Work to be completed> Using the records below, write out only the lines from the line containing "xsplitgamesource64.dll 文件丢失？。 适用于" up to and including the line containing "Dior Eyewear Andiorid Sunglasses - Argento", exactly, with no pictures.

Source data>
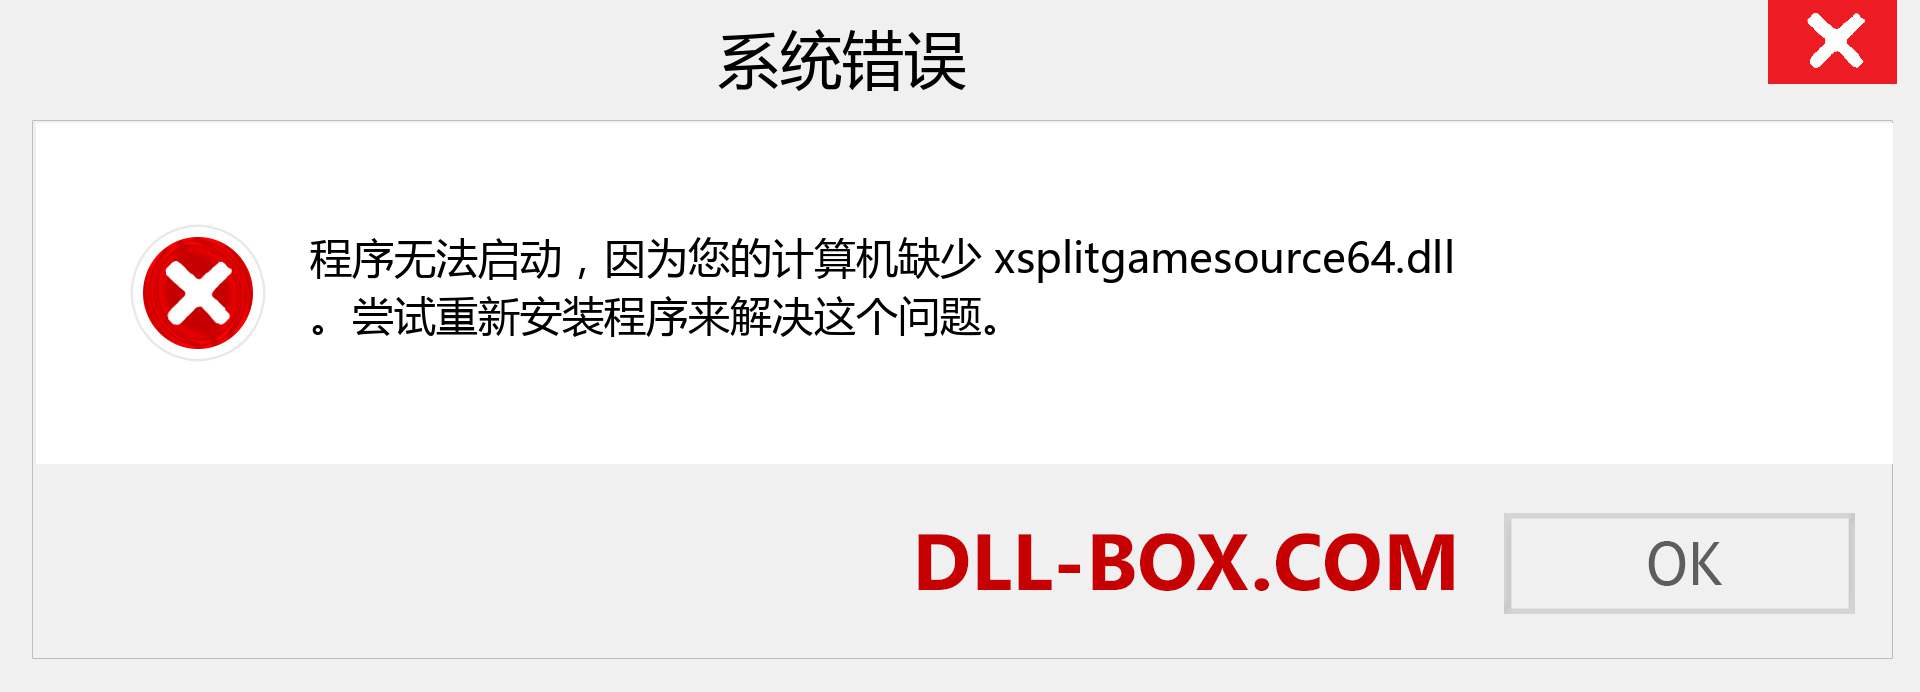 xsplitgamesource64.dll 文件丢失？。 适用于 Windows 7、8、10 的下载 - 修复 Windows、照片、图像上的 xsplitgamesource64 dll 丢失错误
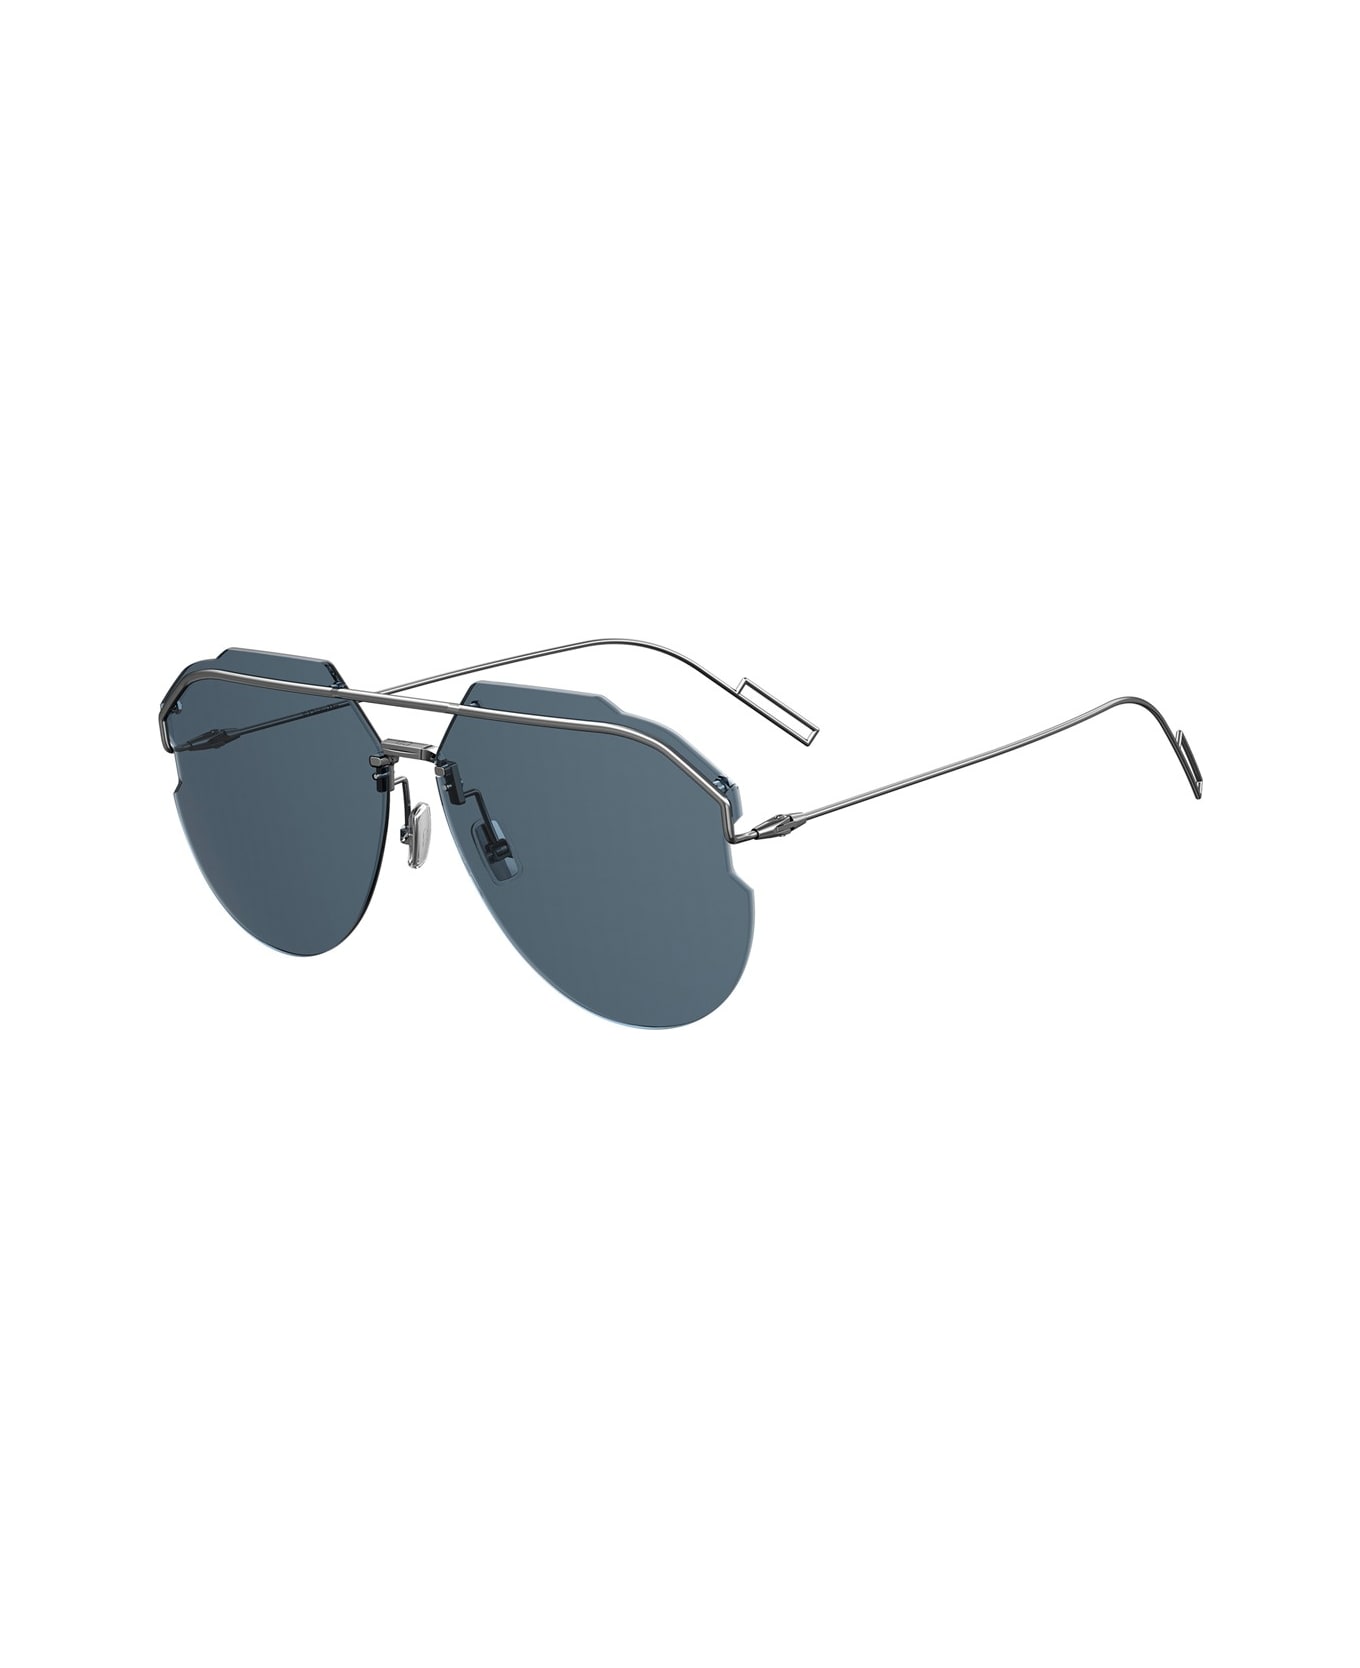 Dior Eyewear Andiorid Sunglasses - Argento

--

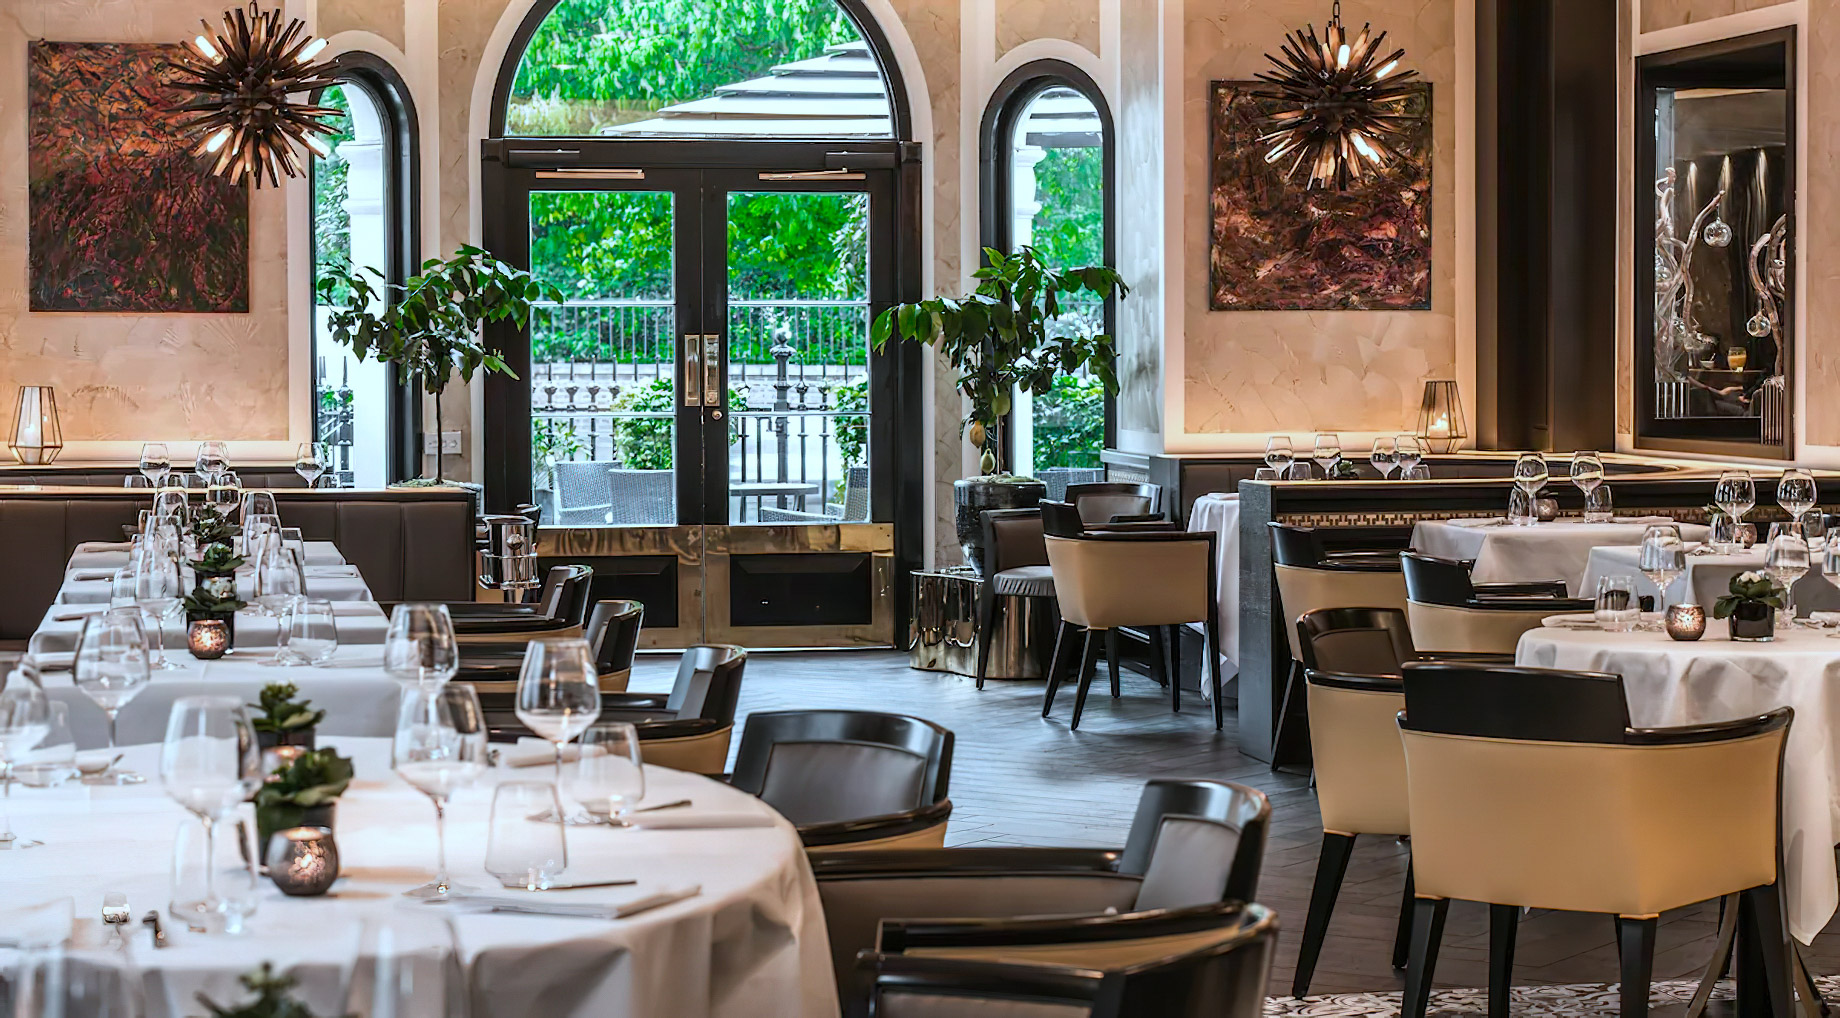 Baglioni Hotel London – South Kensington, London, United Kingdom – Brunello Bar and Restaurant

---

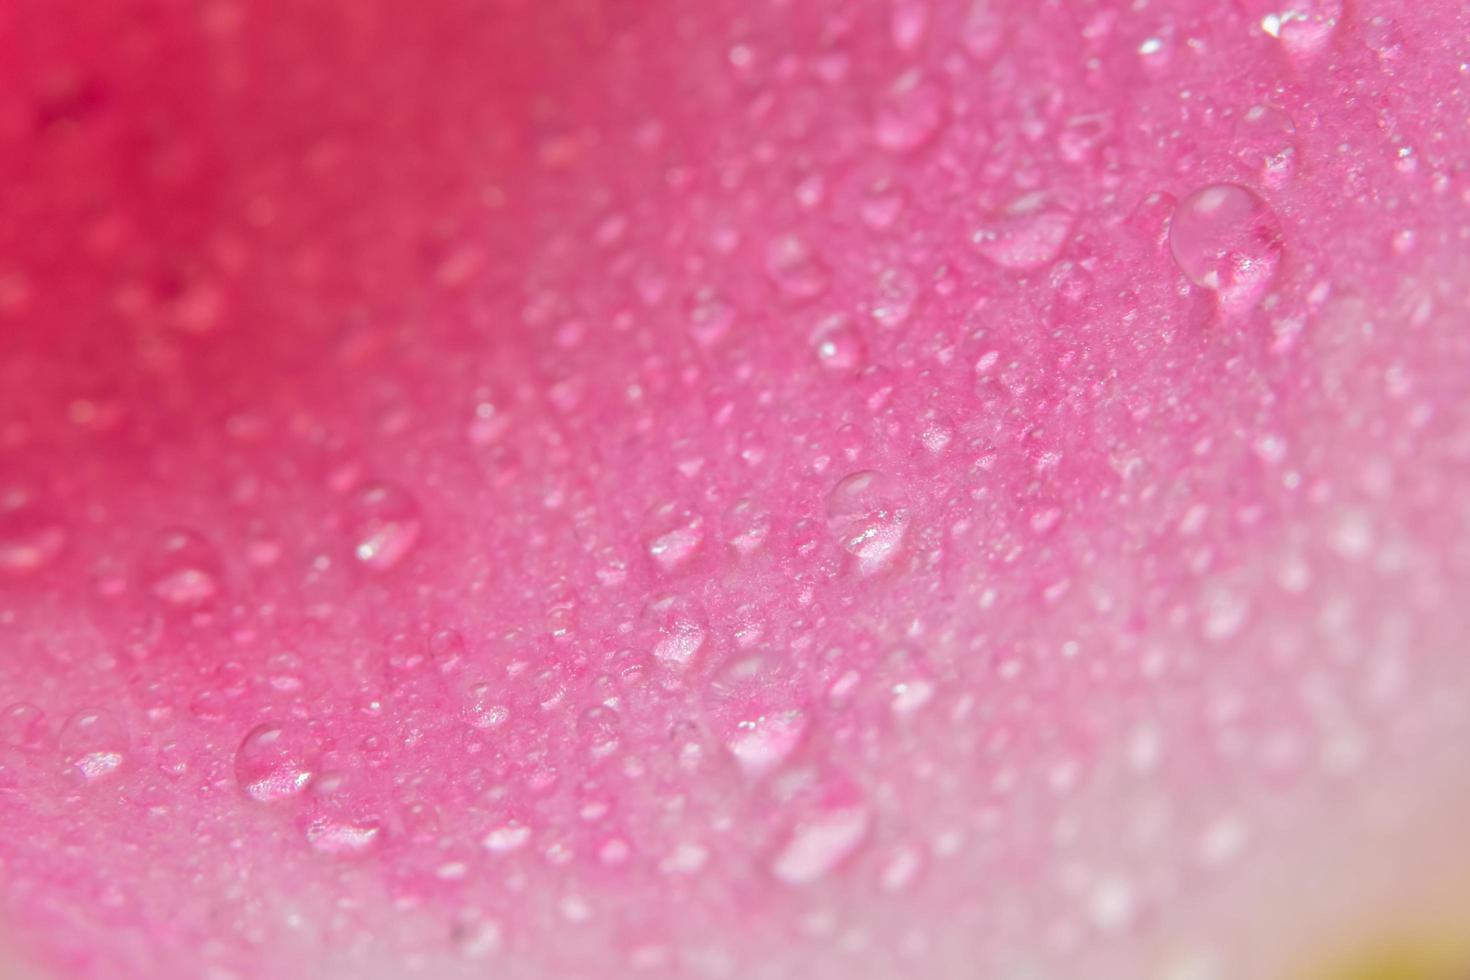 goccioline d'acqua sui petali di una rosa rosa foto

Response>
 xsplitgamesource64.dll 文件丢失？。 适用于 Windows 7、8、10 的下载 - 修复 Windows、照片、图像上的 xsplitgamesource64 dll 丢失错误
 Dior Eyewear Andiorid Sunglasses - Argento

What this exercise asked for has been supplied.